15th December 2023
Christopher Nosnibor
This is an odd one which will likely baffle and bewilder many of those who encounter it – which will likely be far fewer than it deserves. It’s rare for a track that isn’t thrash or grindcore to run to less than a minute and a half, for a start. I know absolutely nothing about T.N. beyond that they’re from Spain, but T.N.’s ‘Siddung’ is a sliver of minimalist hip-hop that sends a shiver down the spine.
If commercial hip-hop has come to be synonymous with bragging and banging, flashing cash and blades, it’s worth remembering that its roots were a different kind of ‘street’, and with acts like Last Poets emerged from spoken word, the jazz and beat scene of the late 50s, giving a voice to black culture and the civil rights movement.
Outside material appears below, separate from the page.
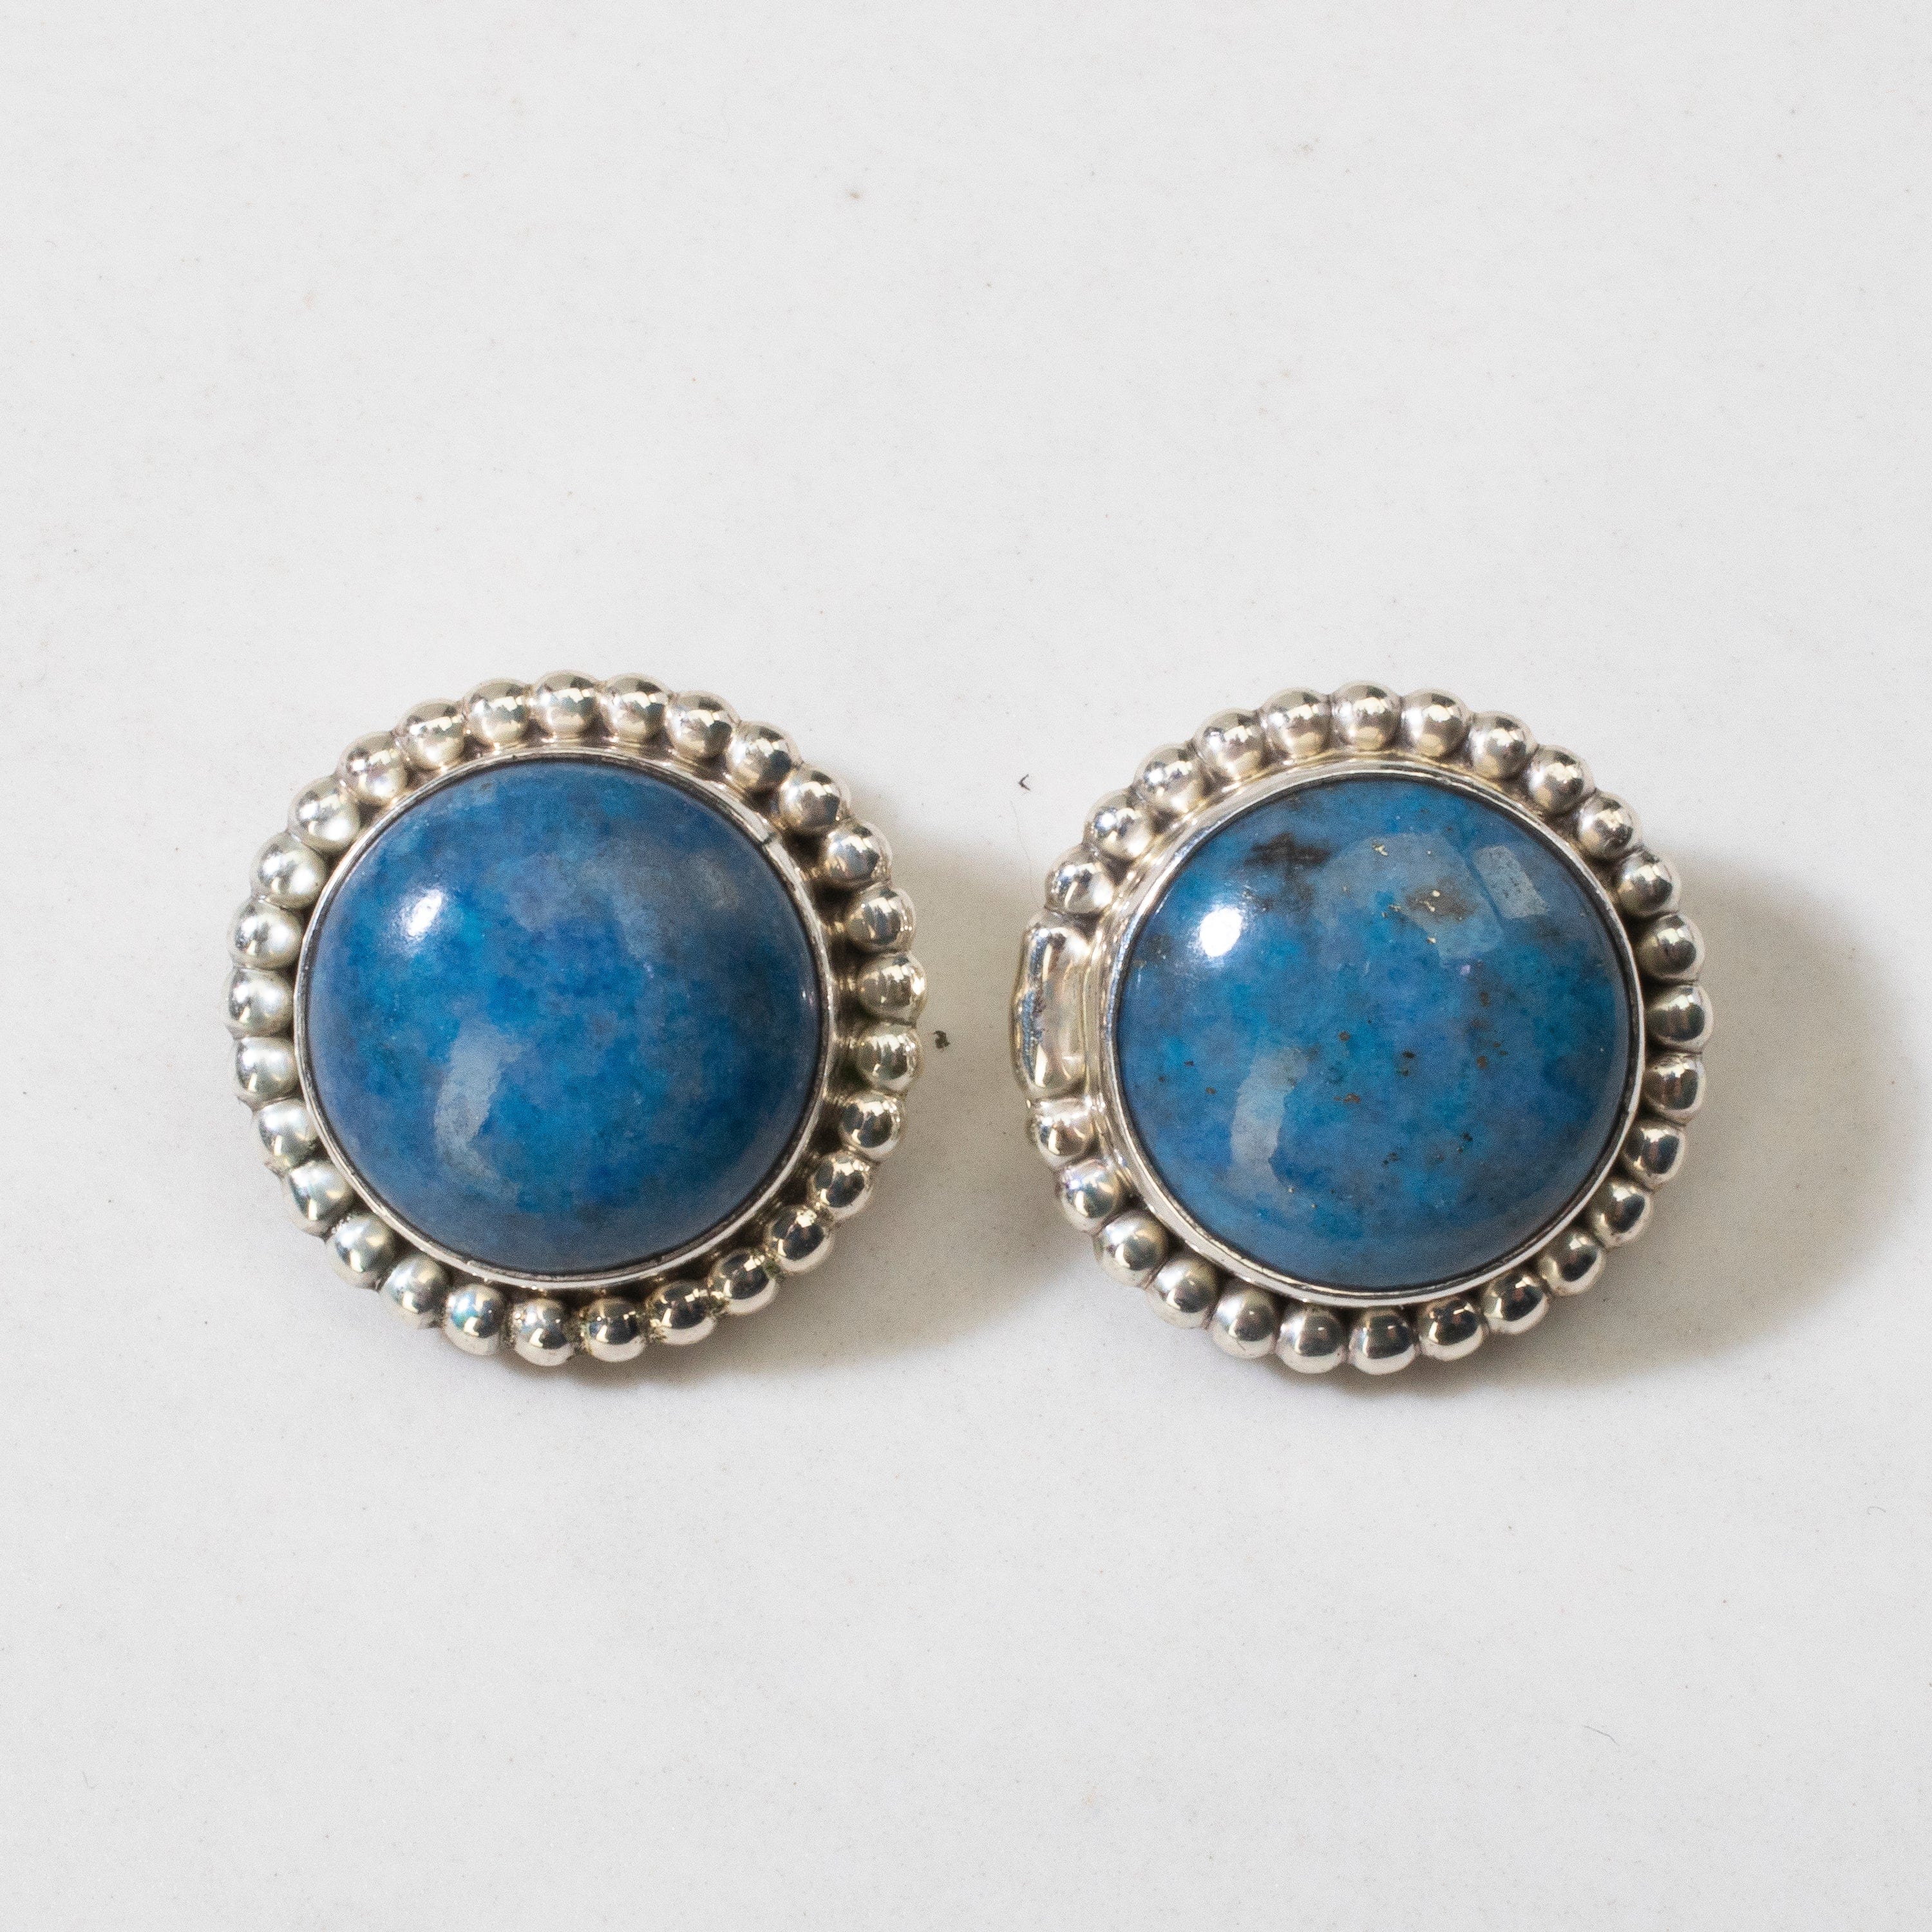 Kalifano Native American Jewelry Denim Lapis Round Navajo USA Native American Made 925 Sterling Silver Earrings with Clip On Backing NAE300.031

This track is something of a hybrid – it’s ‘street’ but it’s introspective and uncomfortable, and after an atmospheric introduction, halts just as it seems to be finding its groove. It’s difficult to unravel the track’s meaning or intent: ‘siddung’ is patois for ‘sit down’ – as the cover art relays in a literal sense – but beyond that…?
It feels more like a sketch than a complete song, but one could imagine an album containing maybe twenty or so of these vignettes would add up to paint a quite compelling picture.